Nebula incident

Post Dial Delay on calling

Minor Resolved View vendor source →

Nebula experienced a minor incident on March 11, 2025 affecting Core Network, lasting 1d 1h. The incident has been resolved; the full update timeline is below.

Started
Mar 11, 2025, 09:32 AM UTC
Resolved
Mar 12, 2025, 11:30 AM UTC
Duration
1d 1h
Detected by Pingoru
Mar 11, 2025, 09:32 AM UTC

Affected components

Core Network

Update timeline

  1. investigating Mar 11, 2025, 09:32 AM UTC

    Our engineers are investigating reports of delay and silence on calls, affecting a subset of customers. Further updates will be provided within the next 20 minutes.

  2. investigating Mar 11, 2025, 09:42 AM UTC

    We are continuing to investigate the issue, but note this is also extended to the ability to answer some calls.

  3. identified Mar 11, 2025, 09:47 AM UTC

    Our engineers have identified the issue and are working towards a fix ASAP. Next update within the next 20 mins.

  4. identified Mar 11, 2025, 10:12 AM UTC

    We are continuing to work on a fix and will provide a further update ASAP.

  5. identified Mar 11, 2025, 10:37 AM UTC

    Work is ongoing and a further update will be provided within the next 30 mins.

  6. monitoring Mar 11, 2025, 10:50 AM UTC

    Traffic has been returning to normal levels in most areas of our network. We'll continue to monitor and provide further updates within one hour.

  7. monitoring Mar 11, 2025, 11:52 AM UTC

    Our NOC will continue to monitor the incident over the next 24 hours, before marking as resolved.

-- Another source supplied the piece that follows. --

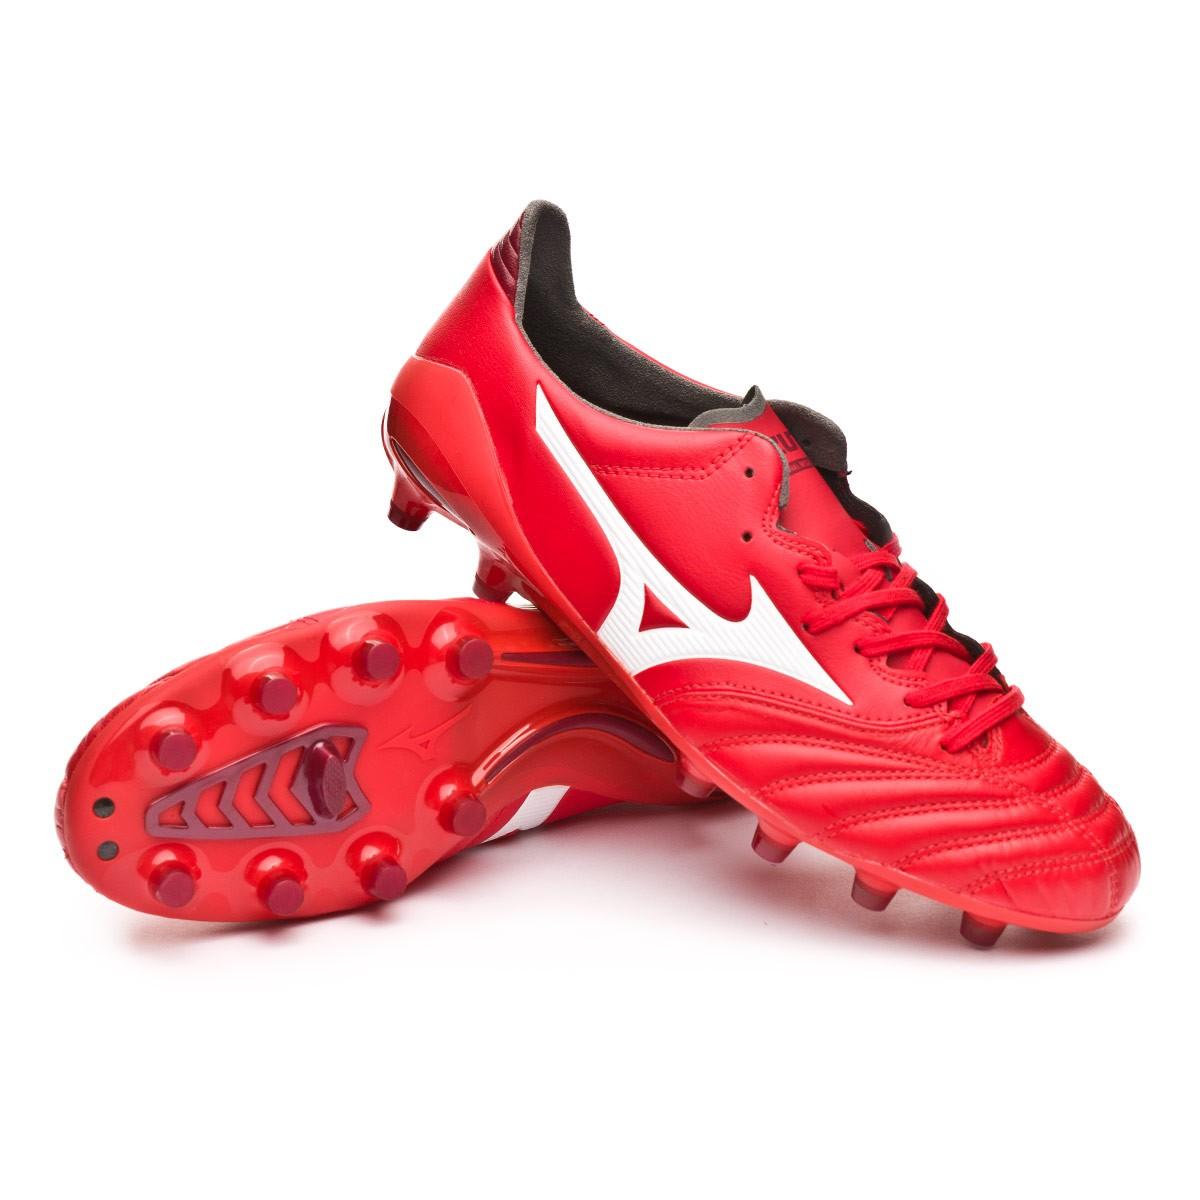 1817126a1 Football Boots Mizuno Morelia NEO II MD High risk red-White - Tienda ...

  8. monitoring Mar 12, 2025, 11:04 AM UTC

    After a period of successful monitoring we are marking this incident as resolved. A Post Mortem will be published within 24 hours.

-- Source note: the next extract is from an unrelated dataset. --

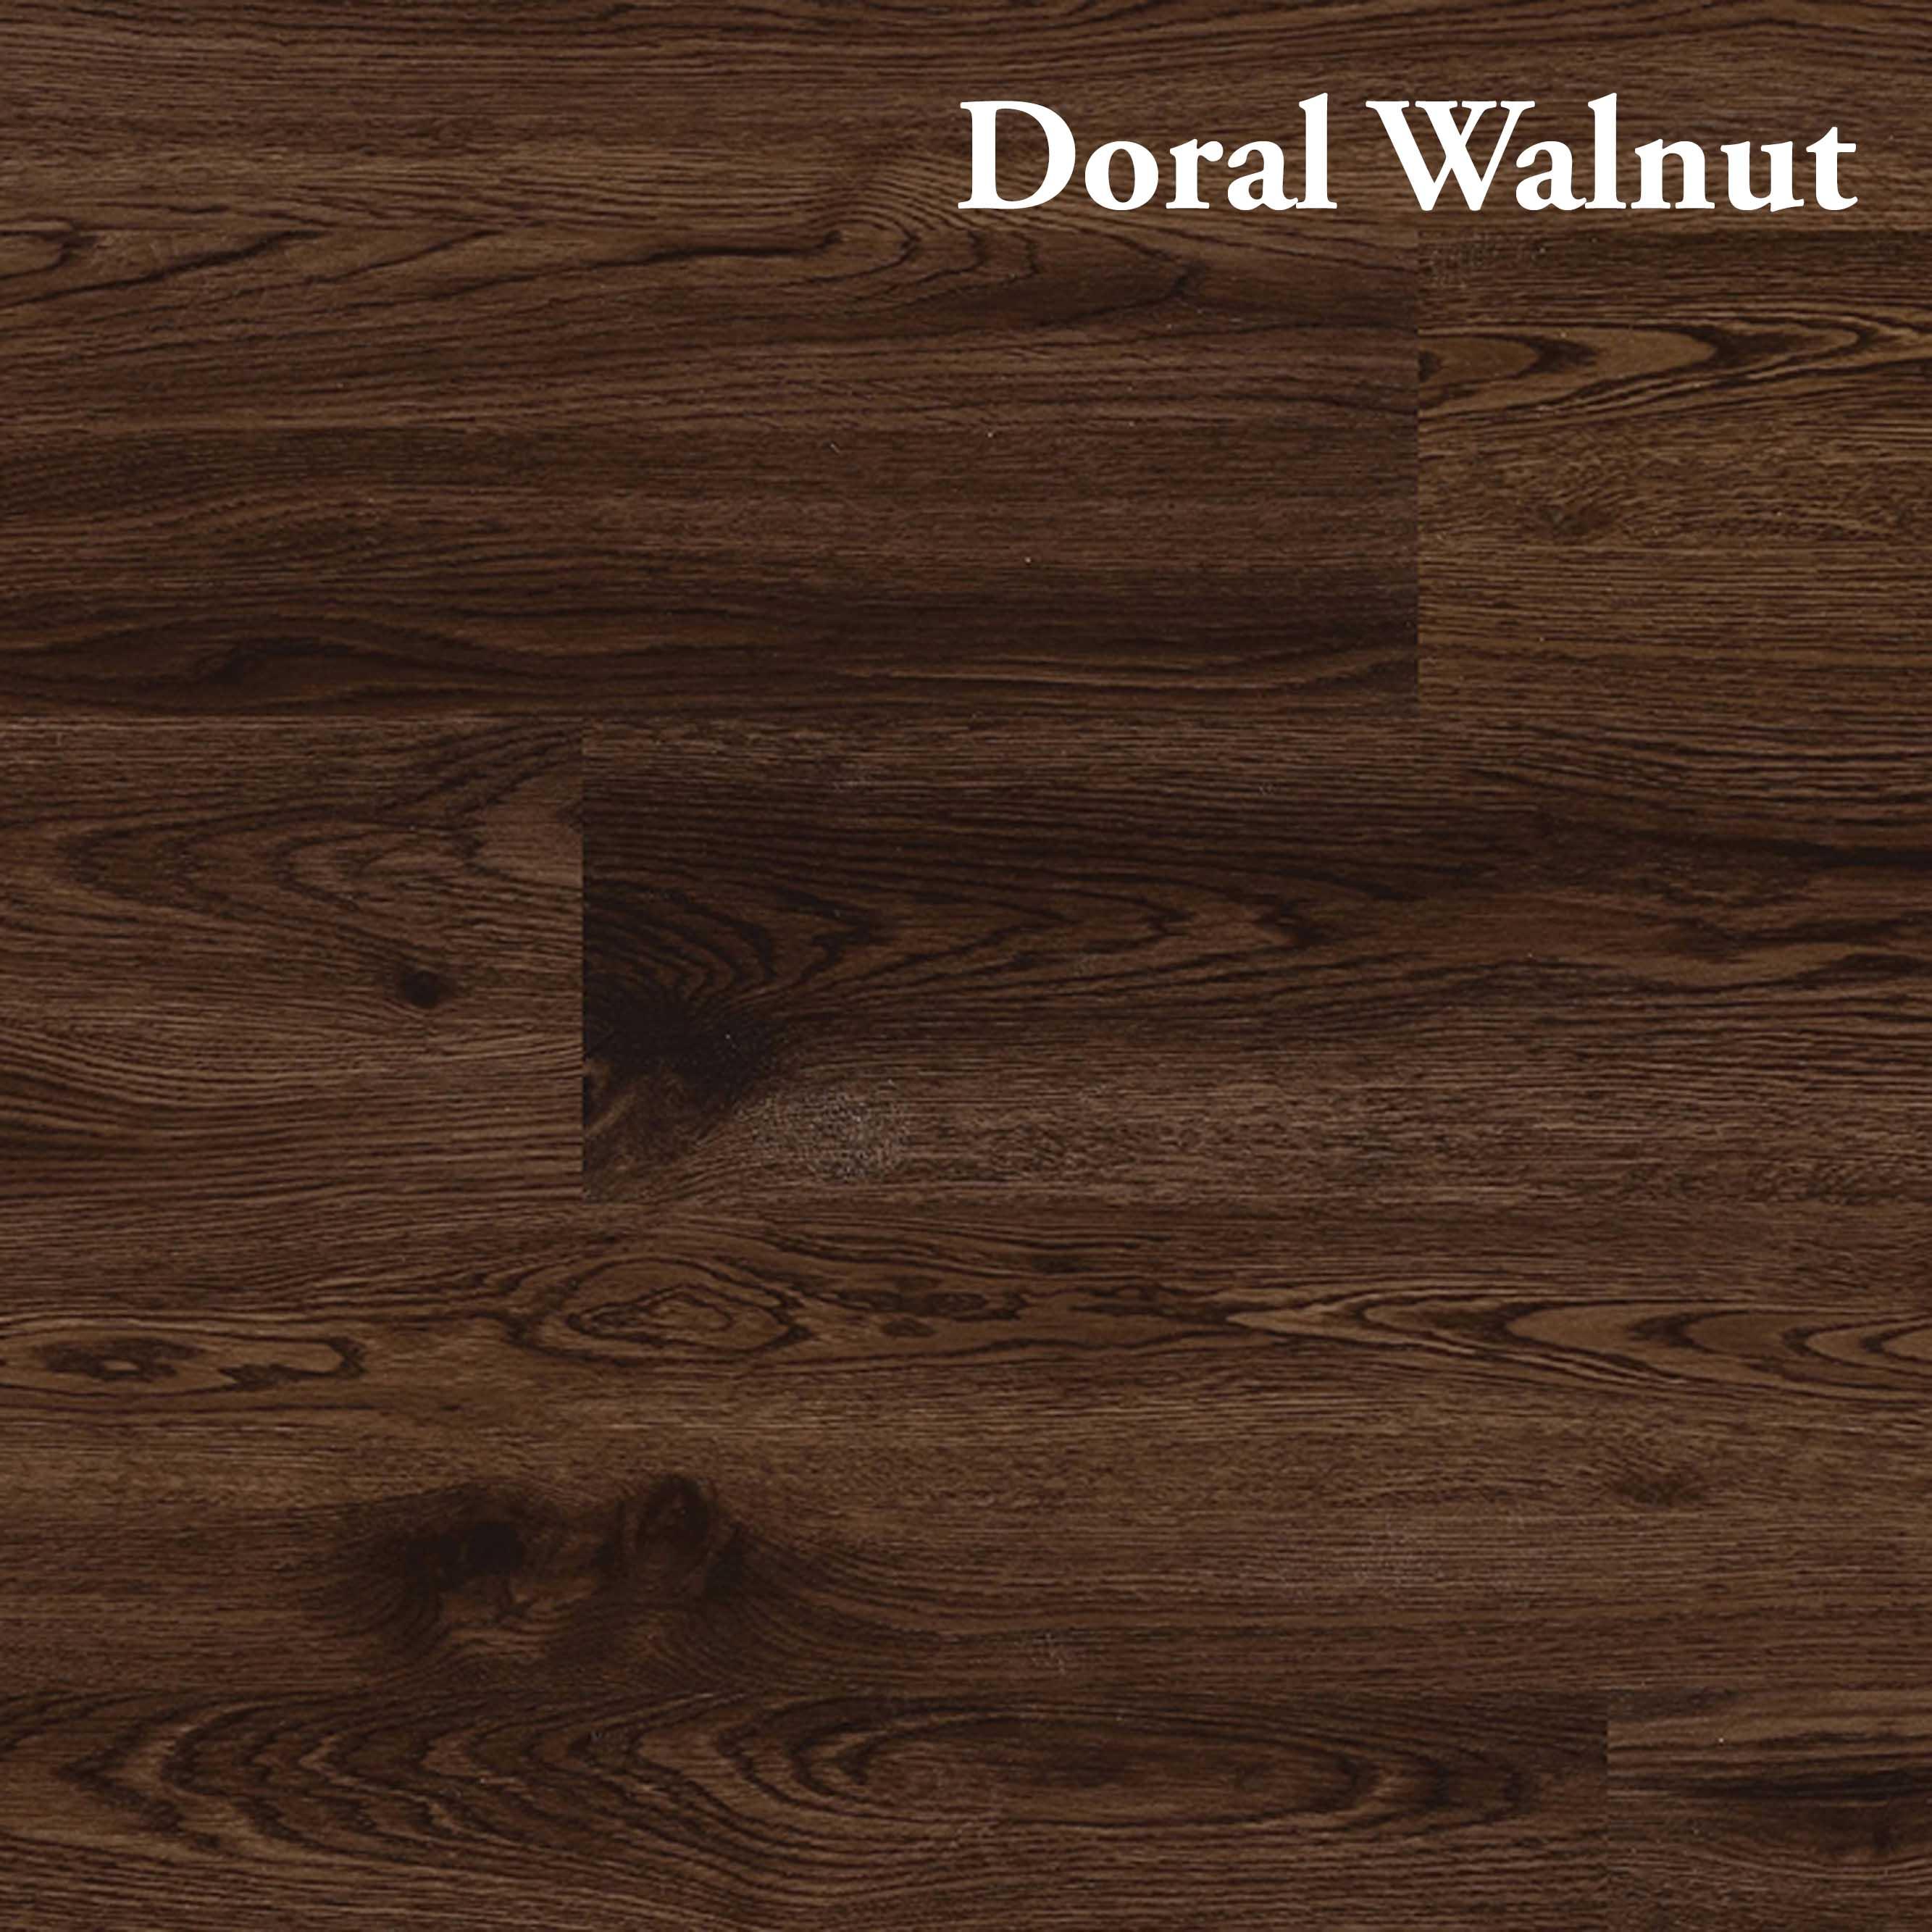 Coretec One Luxury Vinyl Plank Capitol City Lumber

  9. resolved Mar 12, 2025, 11:30 AM UTC

    This incident has been resolved.

  10. postmortem Mar 13, 2025, 09:36 AM UTC

    At 09:10am UTC, our monitoring systems detected a sudden and substantial increase in SIP traffic directed towards our platform. Analysis revealed that the surge originated from an unprecedented volume of SIP requests, generated by malfunctioning equipment in a specific area of our infrastructure designed for large-scale deployments. The excessive packet rate created a cascading effect; the initial overload caused delays in call processing, in turn triggering further retries from the affected endpoints, exacerbating the problem. This flood of traffic pushed our servers to full capacity within minutes, and the Nebula platform immediately re-routed traffic to unaffected servers allowing around 70% of our services to operate unaffected. While the platform has resilient fault-tolerance processes, the remaining servers \(and consequentially any end users connecting to those servers at random\) were unfortunately disrupted while we worked to address the underlying cause. This resulted in performance degradation including increased call latency, dropped calls, and potential service unavailability for users connecting to the affected infrastructure. We took immediate corrective measures, which involved identifying, isolating and then blocking traffic from the affected zones. Service was restored for the users connected to the affected servers as fast as we reasonably could without running the risk of further disruption. A subsequent 24 hour monitoring period ensured no recurrence, allowing us to investigate and confirm the nature of the fault. In the wake of the incident, we have significantly improved our monitoring systems to isolate and address similar symptoms before they cause any disruption, and as an additional precaution have now implemented several methods to identify the characteristic and frequency of those types of packets and isolate that traffic from the voice element of our infrastructure. The implemented corrective and preventative measures will significantly reduce the risk of similar incidents in the future. We are committed to providing reliable and high-quality voice to our partners and customers, and will continue to review and improve our platform's resilience and performance.